1. Create the Windows Azure namespace and configure the Service Bus, as explained in Microsoft
Dynamics AX Connector for Mobile Applications.
2. Add the Service Bus as the relying party in the ACS. In this way, the ACS is responsible for providing security to the Service Bus. For more information, see the “Configuring the Access Control Service; Configure the relying party applications” section in Microsoft Dynamics AX
3. Set up trust between AD FS 2.0 and the ACS.
The Active Directory server acts as the identity provider. It contains information about the corporate users and authenticates a user’s identity. Configure AD FS on the Active Directory server. The AD FS is also a security token service (STS) that provides security tokens to requestors.
Configure AD FS to trust only requests coming from the ACS of the Service Bus for the namespace that you created.
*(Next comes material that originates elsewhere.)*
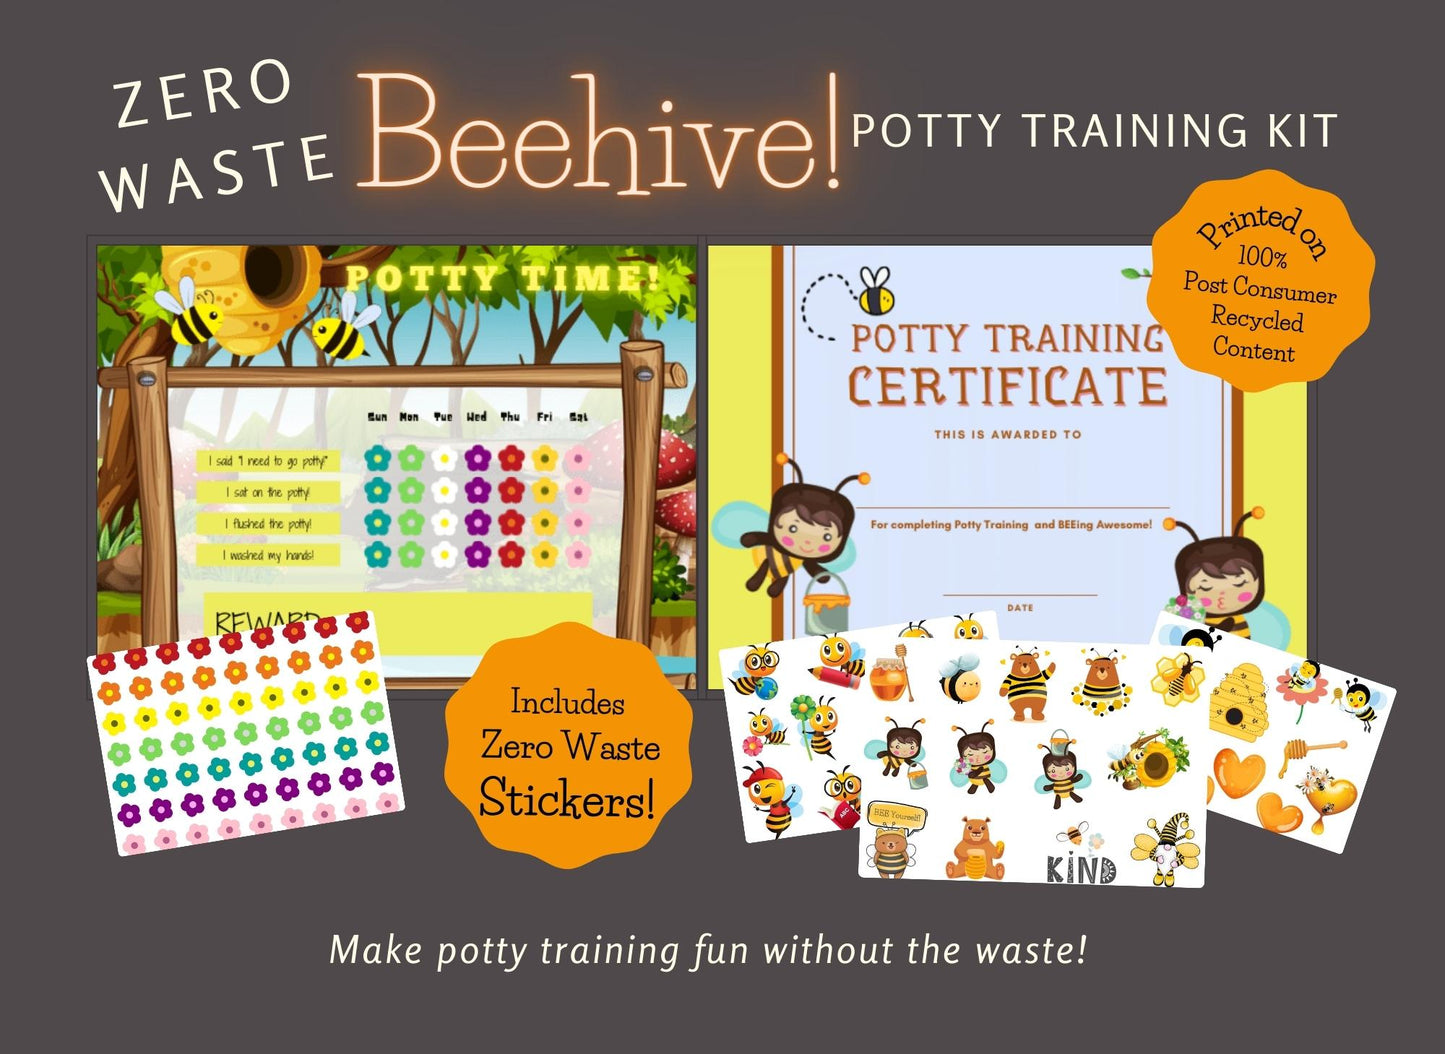 Beehive Potty Training Kit with Zero Waste Stickers

For example, add the endpoint https://contosomobile- sb.accesscontrol.windows.net as a relying party in the AD FS by providing the federation metadata URL exposed by the ACS. For more information, see the “Configuring an Active Directory Federation Service for authentication” section in Microsoft Dynamics AX Connector
for Mobile Applications.
Configure the ACS to trust claims coming from the AD FS. To do this, go to your namespace’s Management Portal for the ACS, and add the AD FS as an identity provider in the Identity
Provider configuration section. You will need to add the federation metadata URL exposed
by the AD FS server. For more information, see the “Configuring the Access Control Service; Add and configure the identity provider” section in Microsoft Dynamics AX Connector for
Mobile Applications.
4. Map incoming claims to outgoing claims in the ACS. These claims will be inspected by Service Bus. An incoming claim of the windowsaccountname type should be mapped to an outgoing claim of the net.windows.servicebus.action type with a value of Send. (For more information, see the “Configuring the Access Control Service; Configure rule groups” section in Microsoft Dynamics AX
Connector for Mobile Applications.) This will ensure that any authenticated user having the
windowsaccountname claim sent by the AD FS is authorized to send a message through the
Service Bus.
5. Set up trust between the middle-tier WCF service and the corporate AD FS.
The AD FS uses an X.509 token signing certificate issued by a CA to digitally sign the SAML token containing the claims about the user. For more information, see the “Configuring an Active Directory Federation Service for authentication; Add/Configure the token signing certificate” section in Microsoft Dynamics AX Connector for Mobile Applications.
When setting up the trust, observe the following guidelines:
The X.509 token signing certificate needs to be installed in the Trusted Root Certification store on the machine that hosts the middle-tier WCF service.
The thumbprint of the certificate should be made available to this service. By using this thumbprint, the service can verify that the claims are from an authorized and trusted issuer.
Overview
After collecting the information from the user on the mobile device, we now need to submit the data to Microsoft Dynamics AX. Only those users who are authenticated are authorized to send this data through the Service Bus to Microsoft Dynamics AX. The ACS and AD FS (which acts as an identity provider and a security token service) cooperate to authenticate and authorize Service Bus operations. The claims obtained from the identity provider are also used to extract information about the user in the middle-tier service. Authorization of Microsoft Dynamics AX users according to their Microsoft Dynamics AX roles and privileges will be handled by the Microsoft Dynamics AX instance itself. We use active federation and the WS-Trust security protocol to request a security token (containing the required claim) from the identity provider (corporate AD FS).
After the security token is presented to the ACS, it recognizes the identity of the user. As was
mentioned in the prerequisites, the incoming claims are mapped to the Send outgoing claims that are recognized by the Service Bus for which the ACS is providing security. A claim is then issued to the client by the ACS in the form of a simple web token (SWT).
When the client is ready to send its message through the Service Bus endpoint, it presents the SWT, thus granting it permission to send the message. For our solution, the client is also required to send across to the middle-tier service, the SAML assertions token that it received from the AD FS. The service then extracts the assertion claims, as we saw in the walkthrough for the middle-tier WCF service.
The following steps will show how we implement the required authentication described earlier.
Development requirements
You can implement the authentication described in the next section in the same Windows Phone app project or in a compatible Windows Phone class library, which you can then reference in the app (if you plan to reuse the authentication code).
If you are implementing a client (Windows Phone 8 or Windows 8 Store app) in Visual Studio 2012, consider creating a Portable Class Library for the authentication and including the library in your client application.